There is no end of examples of methods to reach an optimum point in manufacturing and production which produce the maximum profit at the minimum cost. These are just a few examples of what mathematics can do for us, and it plays an enormous, but often unseen role in essentially every product made, and with significant impact on what you pay for the product, and how profitable it can be to produce it. AI practitioners have adopted some of these ideas for use in what they call “machine learning”.

Machine learning is a relatively simple (as commonly practiced) application of a minimization problem, as we will discuss here. In common practice, it does not attempt to use higher-level methods, but instead the object has been to use simple procedures which are readily available, involving simple concepts which may or may not be appropriate for the purpose. In some sense, the idea, as far as AI is concerned, is that the magical Neural Network will figure it all out for us so that we don’t have to actually understand what we are doing. If this sounds harsh, it is, but someone needs to be honest about what is going on with all the hype we hear on a daily basis.

We are now going to use the simple contour map as a way of understanding what is actually being done in what is called “Machine Learning”. We refer the reader to our First Dialogue if the concept of a neural network and the idea of minimizing a measure of error is new to you. This is really just about all that is involved, and the common contour map is a convenient vehicle to use for understanding what it is all about. We are going to make an analogy to the kind of computer algorithm which is commonly used, as we see how we might go about solving a simple minimization problem using a contour map. We will then discuss how the same procedure can be realized on a computer, as is done in most commercial applications.

Posing a Simple Minimization Problem and Comments on the Nature of Solutions

Using our simple contour map, now, we are going to pose a very simple minimization problem which we would like to solve, beginning at our current position in our Rocky Mountain location in north America. We shall describe how a solution can be obtained, what the pitfalls are that may be encountered, and will discuss the nature of solutions, including how many solutions there are and something about the solutions in a context which we can easily understand.

In discussions of Machine Learning, you will often see references to “Gradient” methods used to solve the “Learning” problem.

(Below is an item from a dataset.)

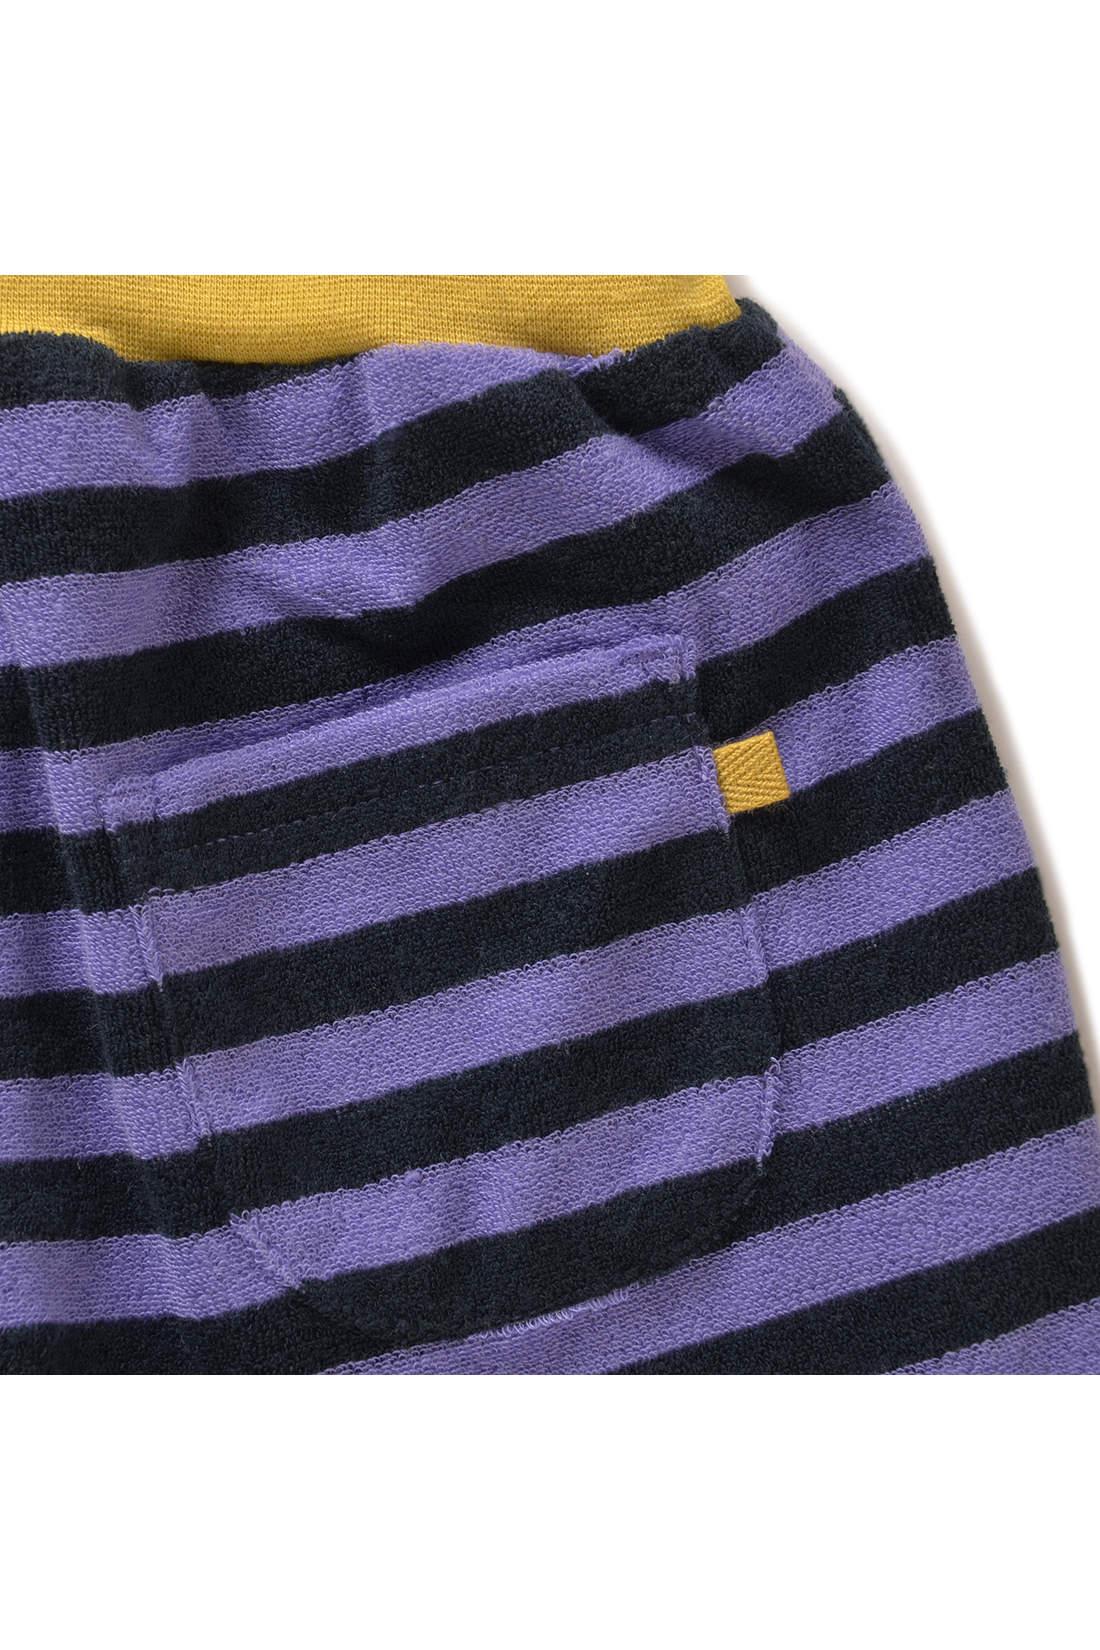 おしりのポケットにはワンポイントのピスネーム付き。
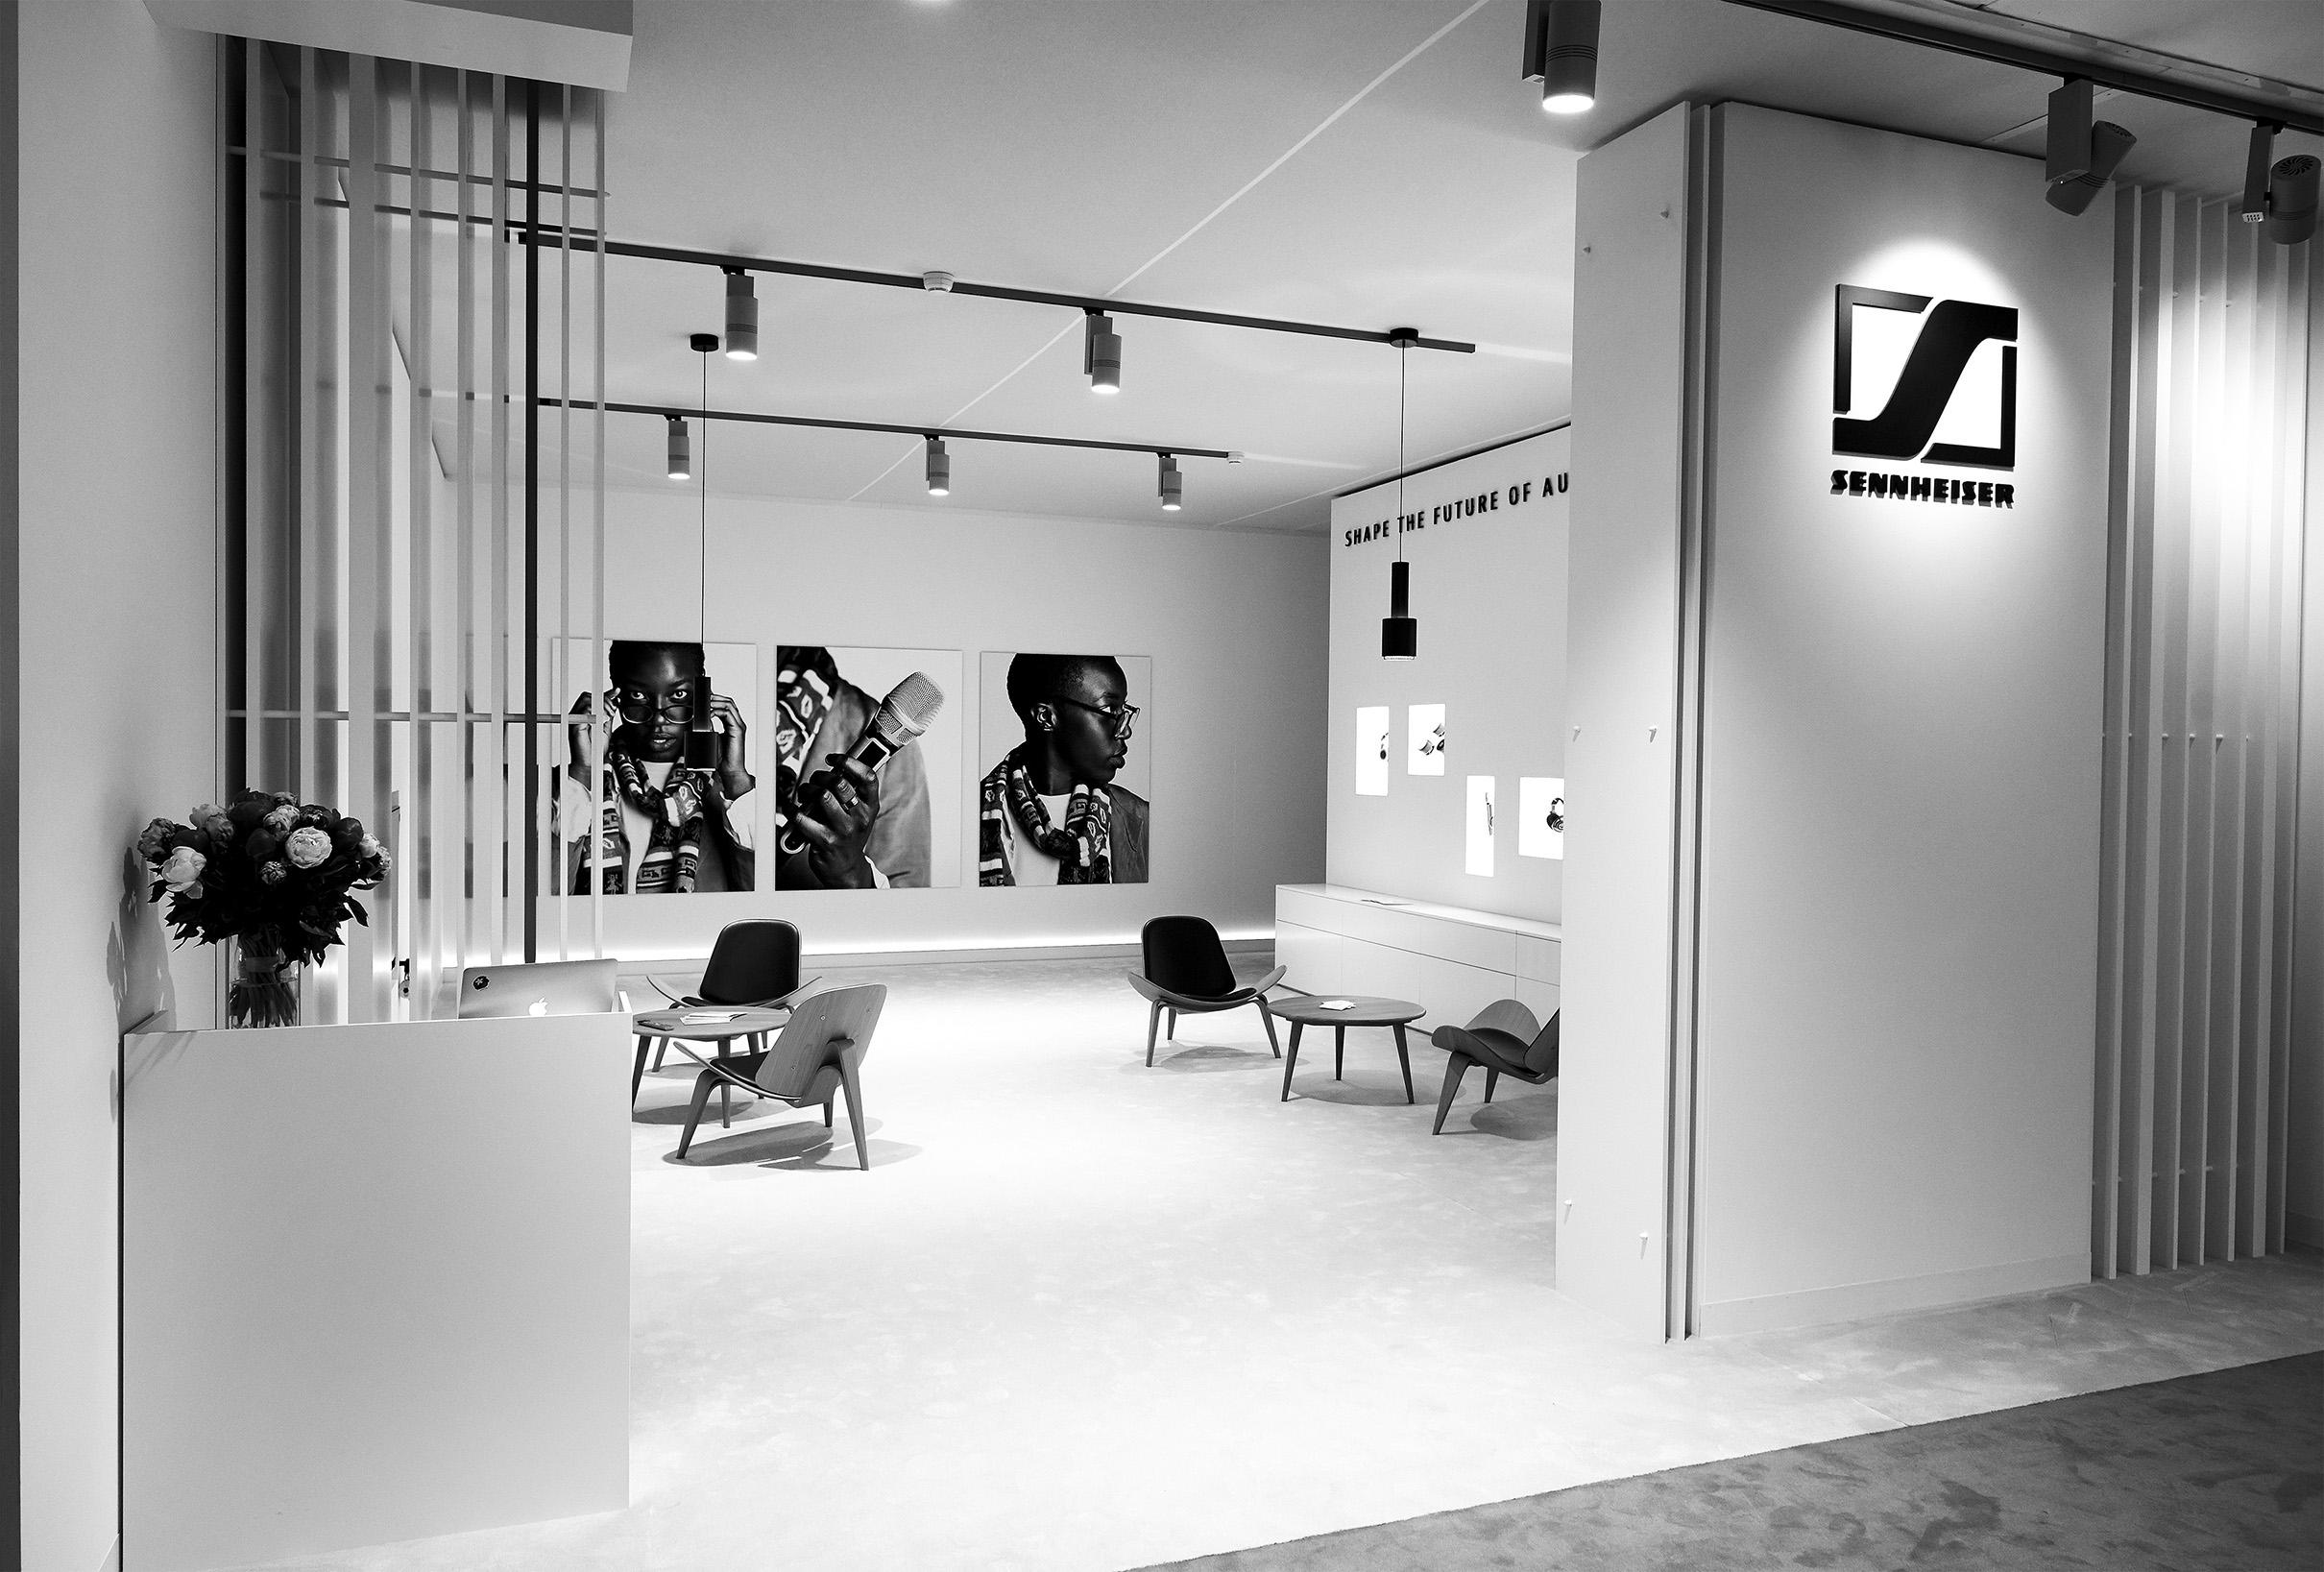 巴塞尔艺术展香港展会 - Sennheiser为您呈献声音艺术的未来

We are going to consider a simple gradient method that we ourselves might use for solving our minimization problem using our contour map.

The Minimization Problem We Pose for Our Contour Map

The problem that we will pose is a simple one. Given that we are at some location on the map, and that this location has a well-defined elevation above sea level, we wish to find a path which will lead in a very specific way from our present location and elevation to a new location which is at sea level (elevation zero). Think of this as a minimization problem in which we seek to minimize the error (difference) between our current elevation, and our desired elevation which is sea level (zero elevation). Our error is therefore given simply by our current elevation above (or below) sea level. To make the problem more precise, therefore, we will choose to use the absolute value of the error, or the square of the error, etc, to insure that the error measure that we use is always a non-negative number.

For the sake of discussion, let us just assume that we have arranged for our error to always be a non-negative number. By doing this, we insure that if and when we reach the minimum possible error (which is now zero), we are also at sea level (and not possibly below sea level), as required by our problem.

Machine learning simply attempts to solve an analogous problem by reducing a non-negative error, between a current state of a system and a desired state of the system, to zero (as explained in Dialogue 1). In our case, moving along the earth’s surface is our system, and our present state is our physical location where we initially find ourselves, in the Rocky Mountains. Our desired final state is to reduce this elevation to sea level by moving through our contour map in some well defined way (an algorithm), determined by a process of minimizing the non-negative error to zero, if possible, so that we arrive at our desired state.

We are free to move only on the surface that defines the topography of the earth around us, as represented by the contour map. We shall seek an algorithm using the map alone to guide us as we attempt to reduce the (non-negative) error, between our current elevation and sea level, to zero.

The Nature of Solutions to our Problem

Before developing an algorithm to solve our problem, using the contour map, it might be worthwhile to pause for a moment and to consider the possible outcomes of our minimization problem which we have posed for ourselves. First, we might ask, what constitutes a solution to our problem? The answer is straightforward, and is exactly as we have described it. Any location that we reach that is at elevation zero, or sea level, is a solution to our problem. We did not pose the problem with any more constraints than that, even though we could have done that.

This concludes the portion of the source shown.